• [SUPPLIED MATERIAL]:
◆ ◆ ◆ ◆ ◆

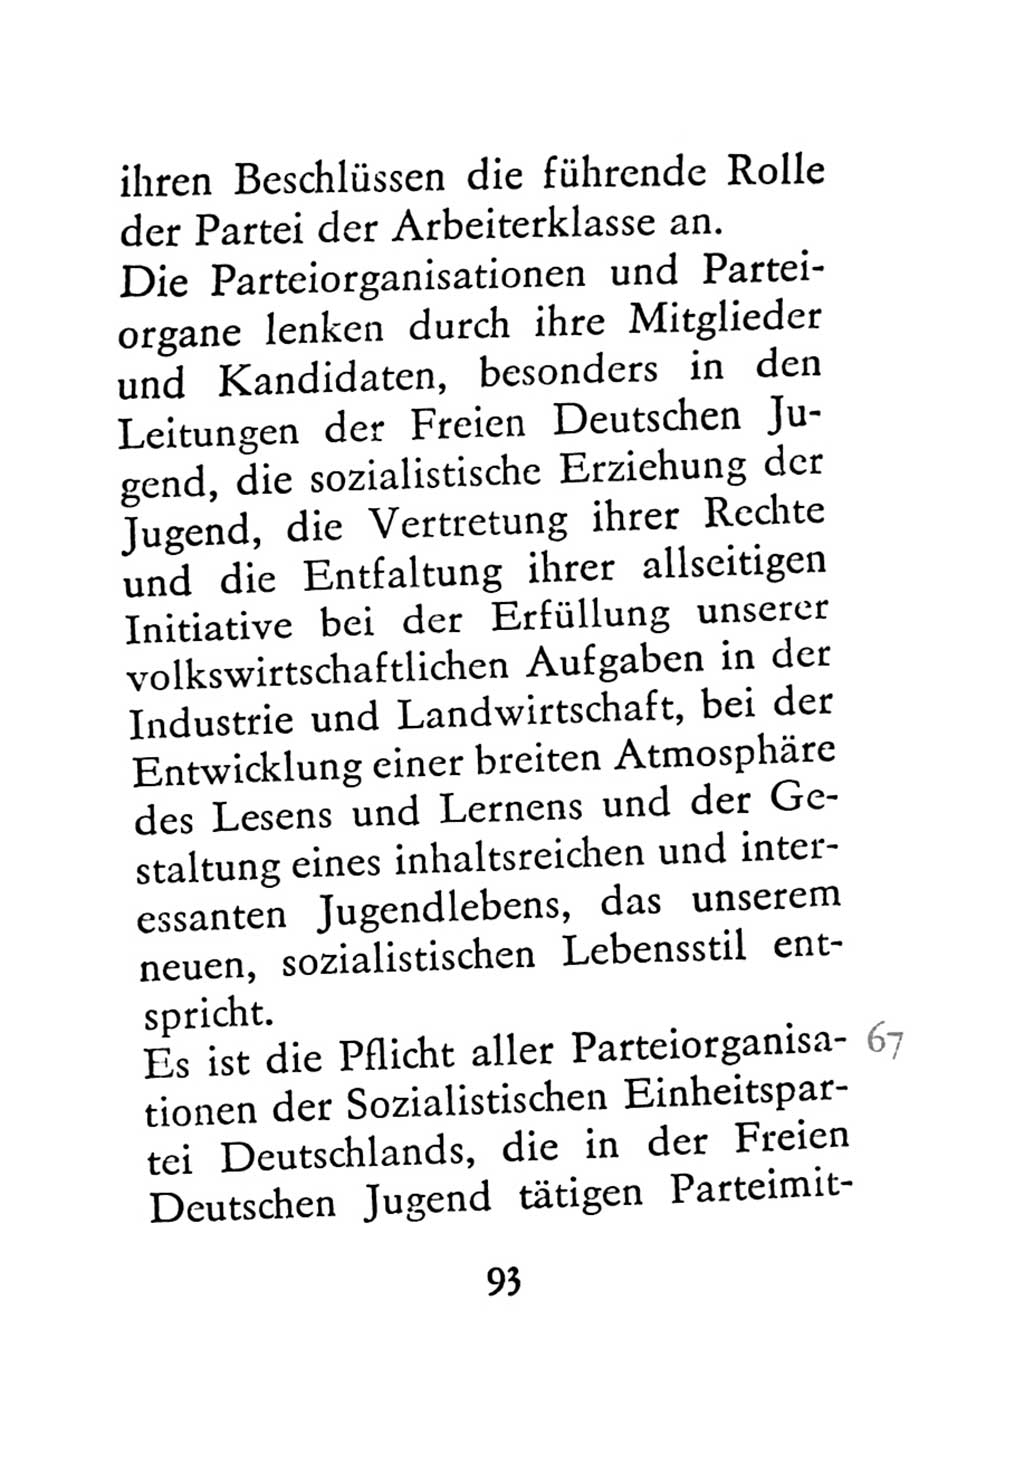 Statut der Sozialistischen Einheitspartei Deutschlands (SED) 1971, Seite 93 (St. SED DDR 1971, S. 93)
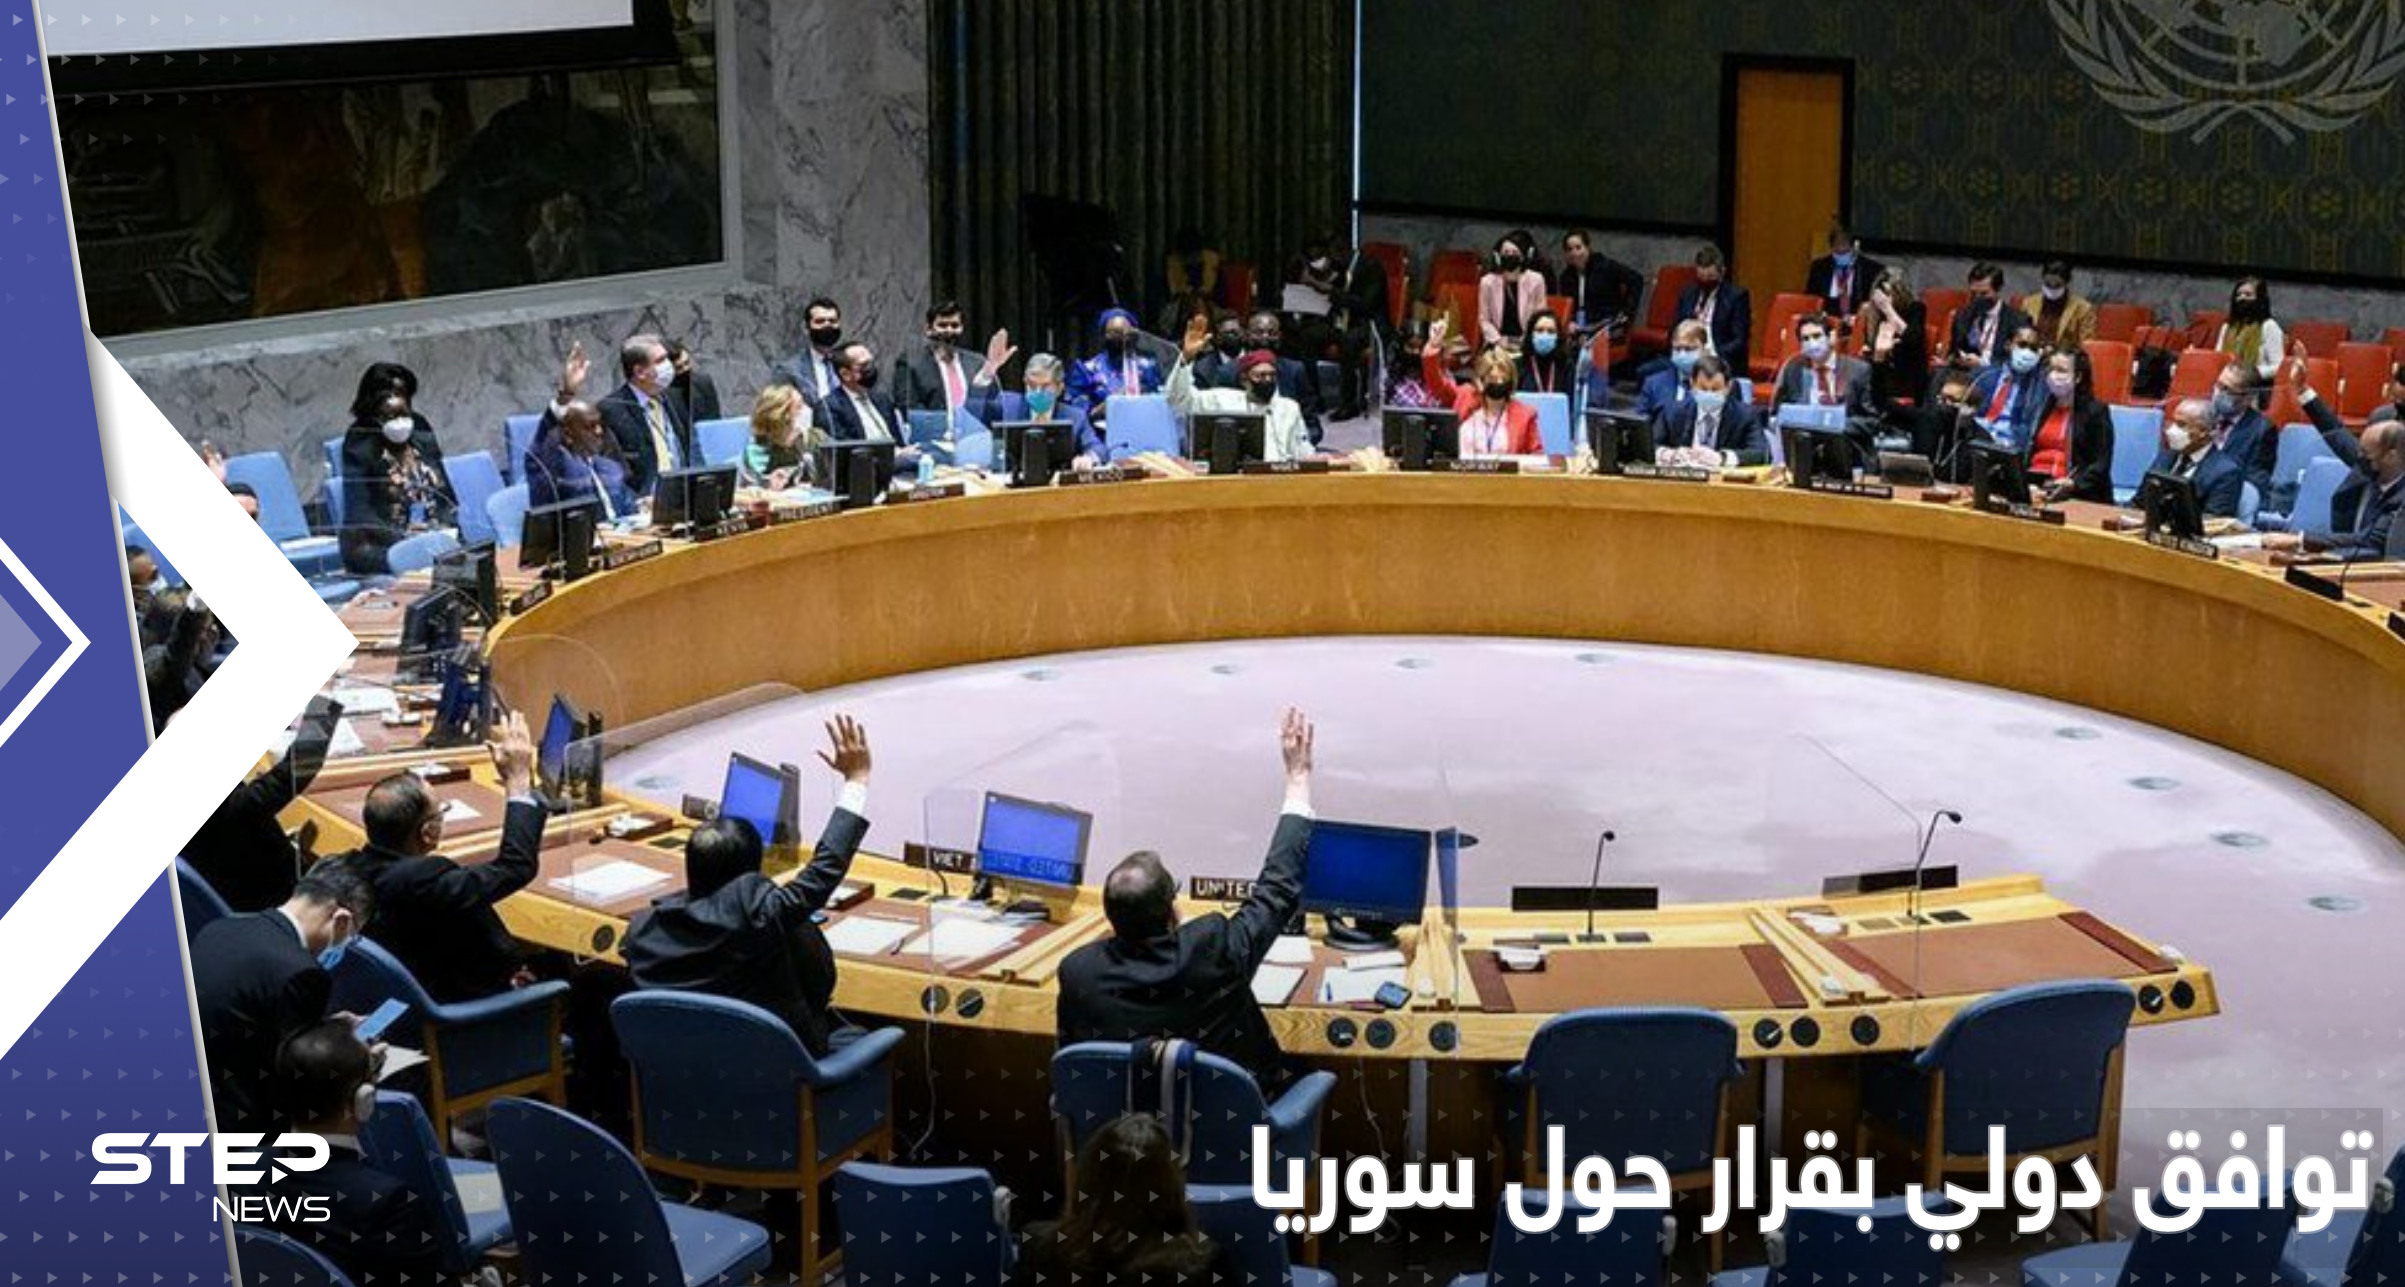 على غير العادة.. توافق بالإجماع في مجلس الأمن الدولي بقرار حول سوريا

◆ ◆ ◆ ◆ ◆

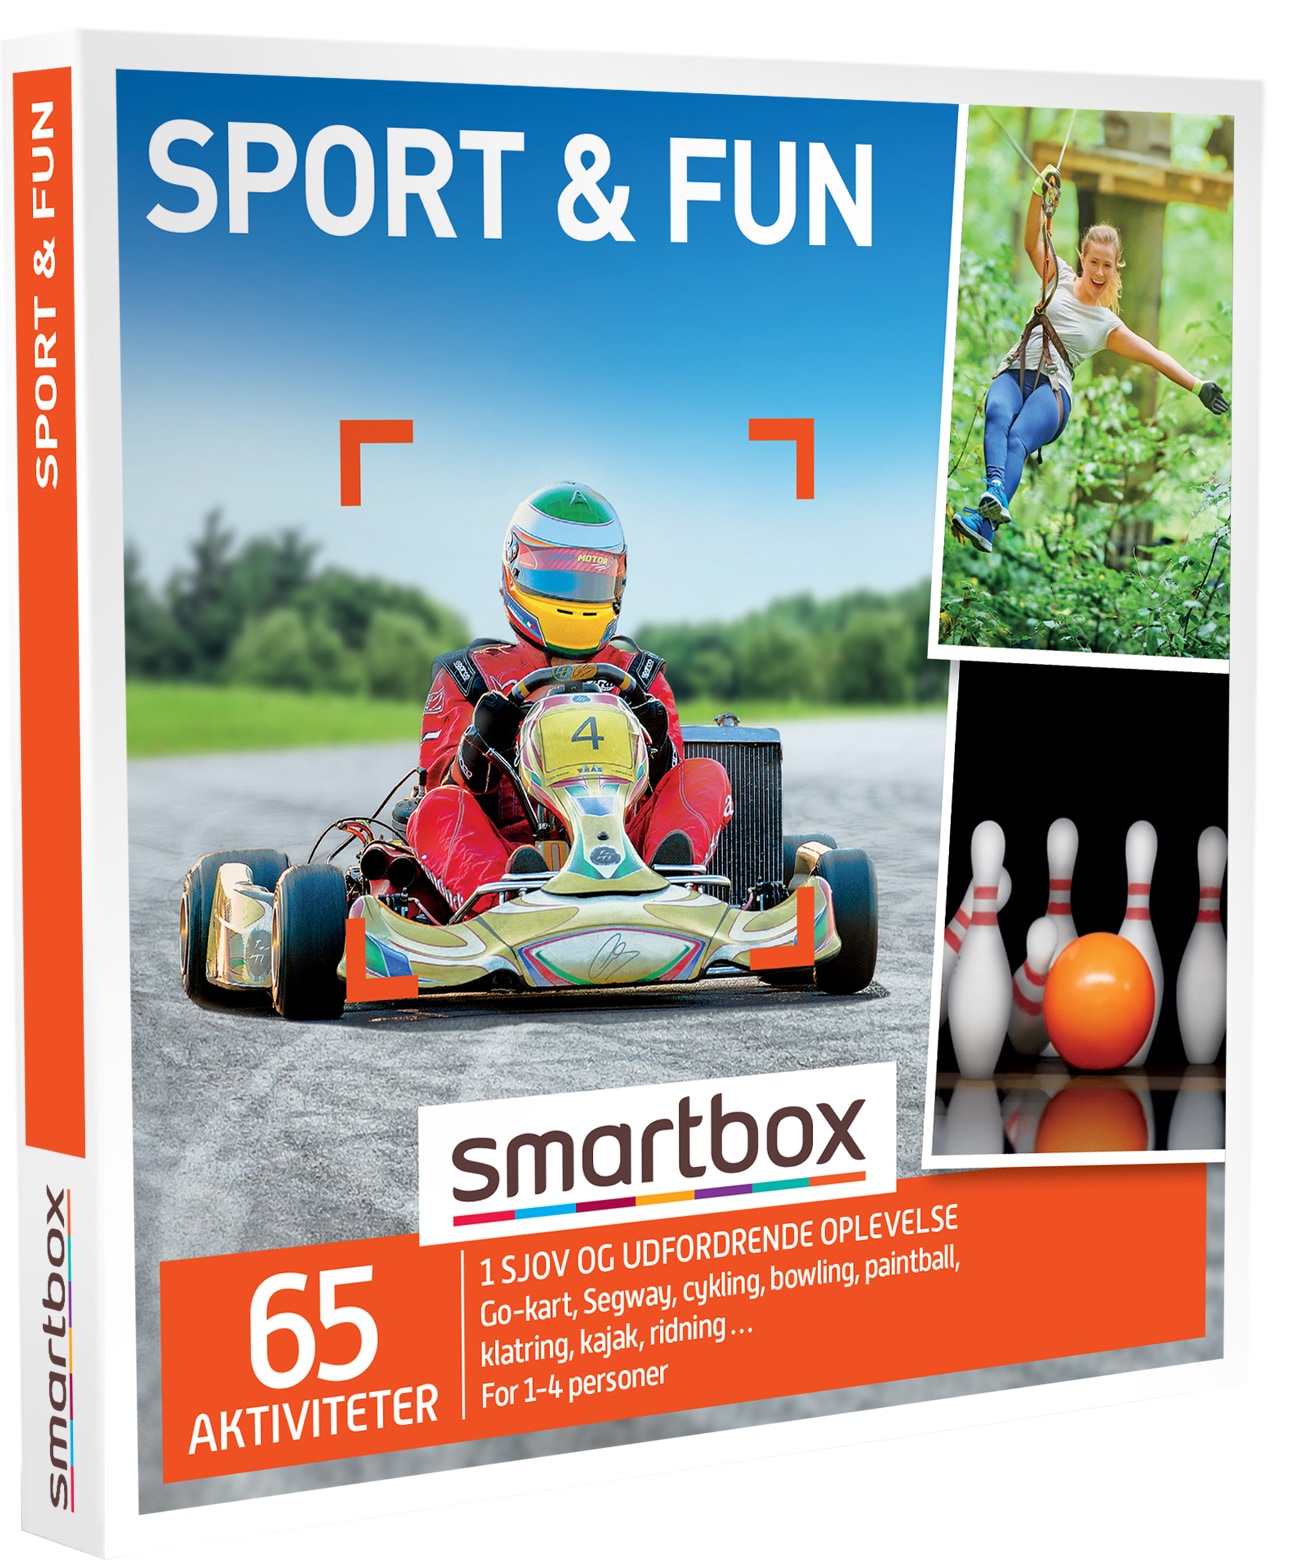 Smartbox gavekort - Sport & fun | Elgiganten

◆ ◆ ◆ ◆ ◆

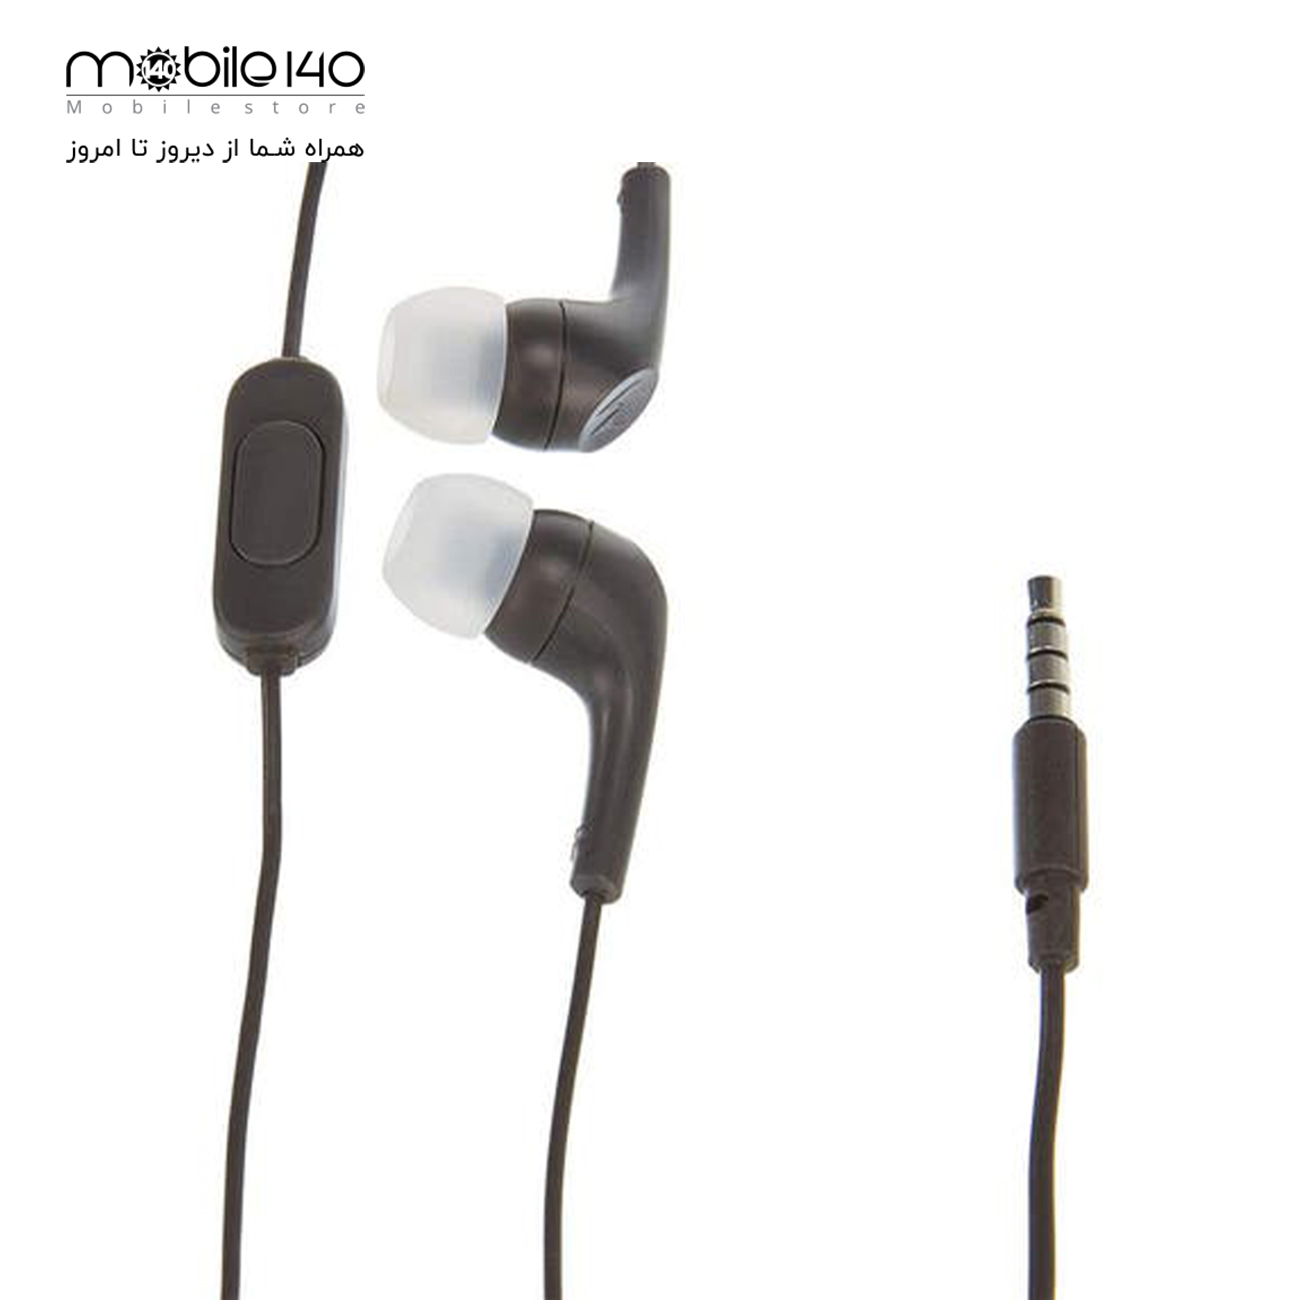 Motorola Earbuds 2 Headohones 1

◆ ◆ ◆ ◆ ◆

• [TASK TO COMPLETE]:
Your answer must be everything above from the line with "Statut der Sozialistischen" down to the line with "على غير العادة..", word for word, and no pictures.

• [REPLY]:
 Statut der Sozialistischen Einheitspartei Deutschlands (SED) 1971, Seite 93 (St. SED DDR 1971, S. 93)
 على غير العادة.. توافق بالإجماع في مجلس الأمن الدولي بقرار حول سوريا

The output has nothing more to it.